Its visit to Germany this year, organized by the German Friends of Yad Vashem, began with a trip to Kiel and ended on Monday, the second night of Hanukkah, with the lighting of the menorah on a window sill at Berlin’s grand Bellevue Palace, the official residence of the German president.

“We are experiencing the wonderful gift of reconciliation,” said the president, Frank-Walter Steinmeier, at the start of the ceremony. “And today, we see that 90 years after this menorah was last lit in Germany, there is once again a daily Jewish life here.”

He lit the candles alongside Ms. Gilo’s brother, Yehuda Mansbach, who sang the blessings over the candles.

Ms. Gilo said she believed their grandmother understood the power of the photo of the family menorah, but could never have foreseen just how much it would resonate.

The picture was one of 17 photos the rabbi’s wife sent to Germany in 1974, when the Kiel museum put out a call for photographs of Jewish life. Yet it was only two decades later, Ms. Gilo said, that the image began to spread.

Ms. Gilo thought her grandmother, who died in 1982, would be amazed to know they would one day return to Germany with the menorah because of her photograph.

“I don’t think she ever would believe we would be doing this,” she said. “The photo of the menorah is so famous now, and I don’t think she could have ever imagined it would be like this.”

Before lighting the menorah in Berlin, the family displayed its heirloom in Kiel, which is currently offering an exhibition about Jewish life in the city through the story of the Posners.

Despite her hesitancy about coming to the place her grandparents fled, Ms. Gilo said the experience was heartening.

“I especially liked our visits with some schoolchildren in Kiel — so many of them were immigrants, from so many countries,” she said. “And all of them had questions about the photograph. All of them were interested in learning about it.”

The menorah is being used as part of a campaign by the German Friends of Yad Vashem, entitled “Show Light.”

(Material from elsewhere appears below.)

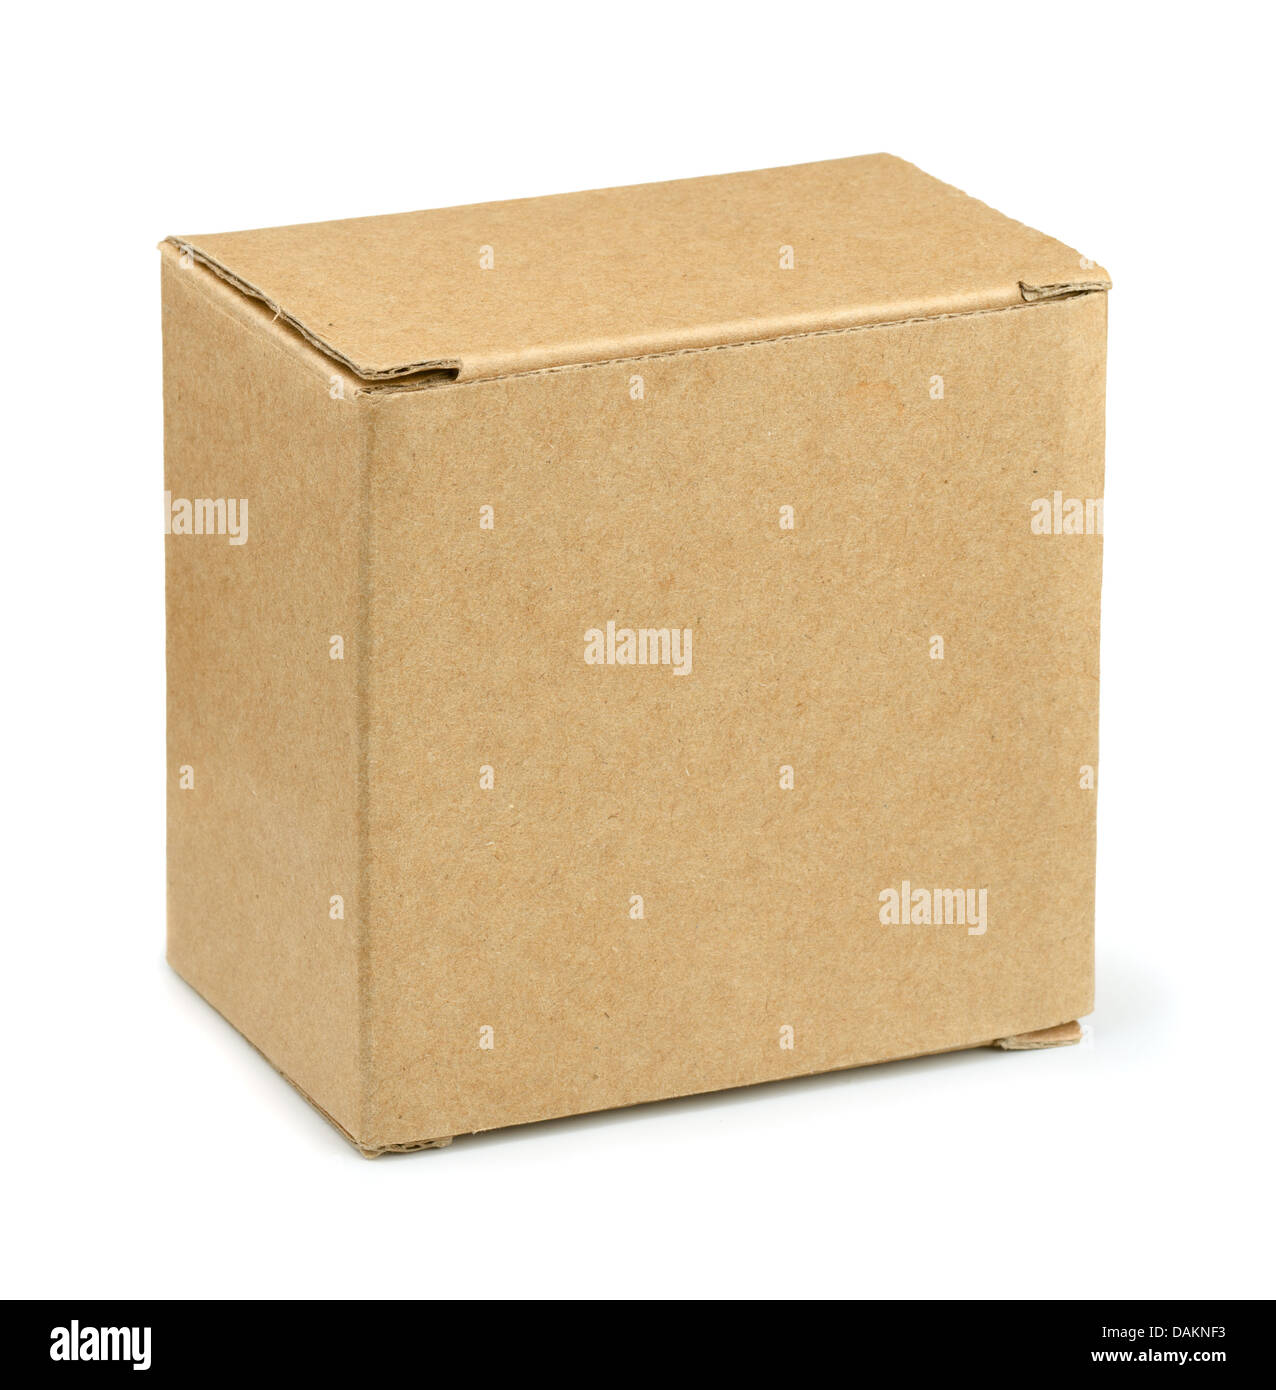 Caja de cartón marrón cerrado aislado en blanco Foto de stock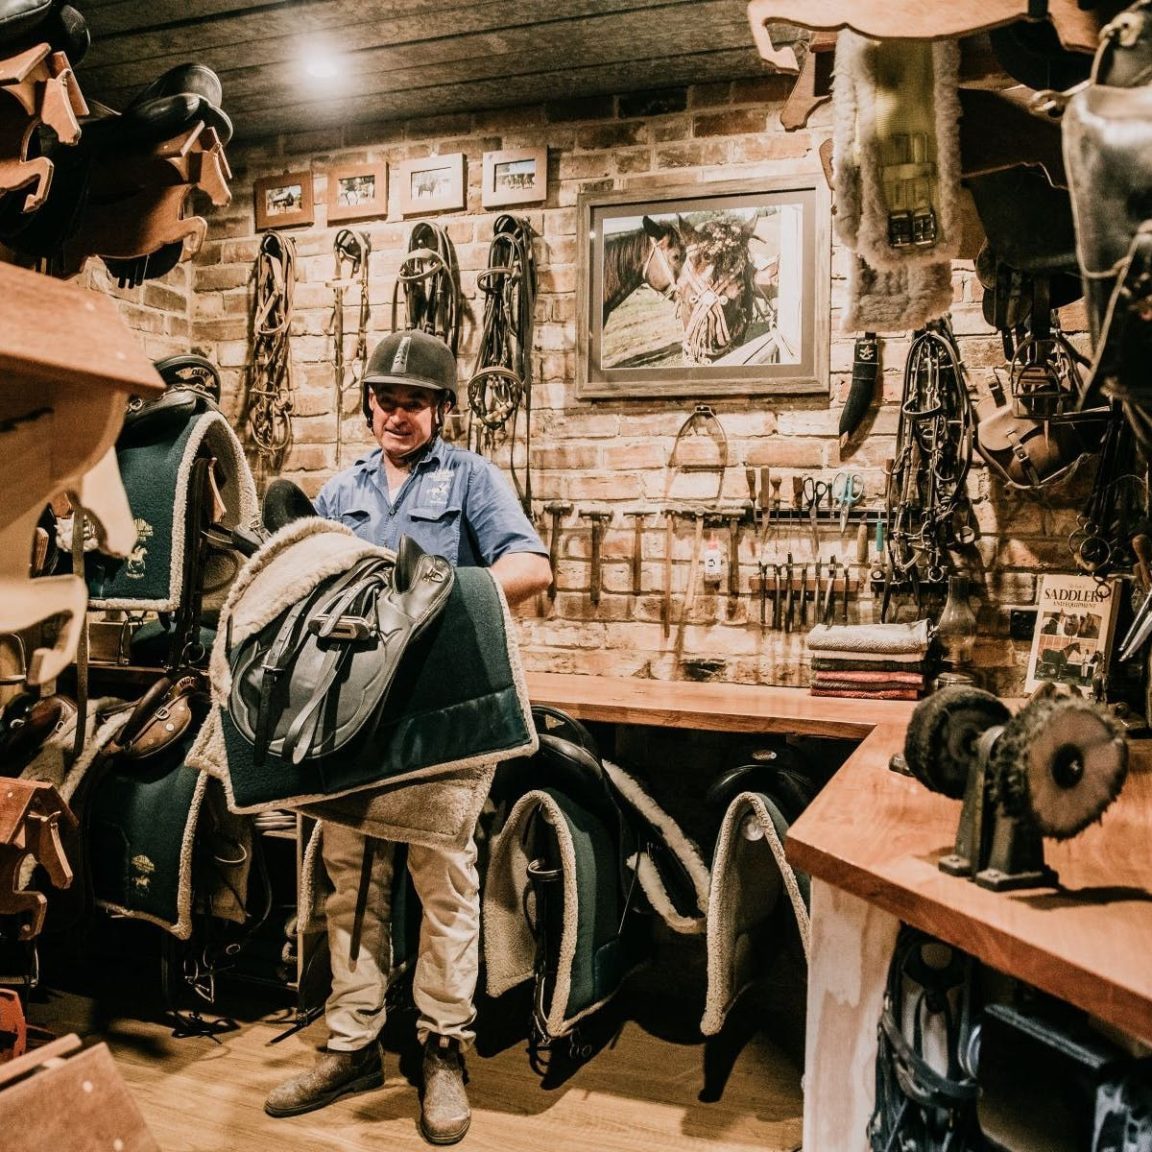 Image of man holding saddle

The promoters aim to raise awareness against hate, particularly antisemitism. In his speech, Mr. Steinmeier said he was especially disturbed to see antisemitism and anti-Jewish conspiracy theories again in Germany “in the middle of our society.”

Although Germany is having a reckoning with its Nazi past and the Holocaust, like many other countries, including the United States, it has seen a rise in antisemitic hate crimes in recent years. In 2019, a gunman made a failed attempt to attack a synagogue in the German city of Halle.

Ms. Gilo said the message of her family’s visit to Germany was “to work against hate.”

“We all have to bring the light,” she said. “Everyone has to try to be brave — like my grandmother.”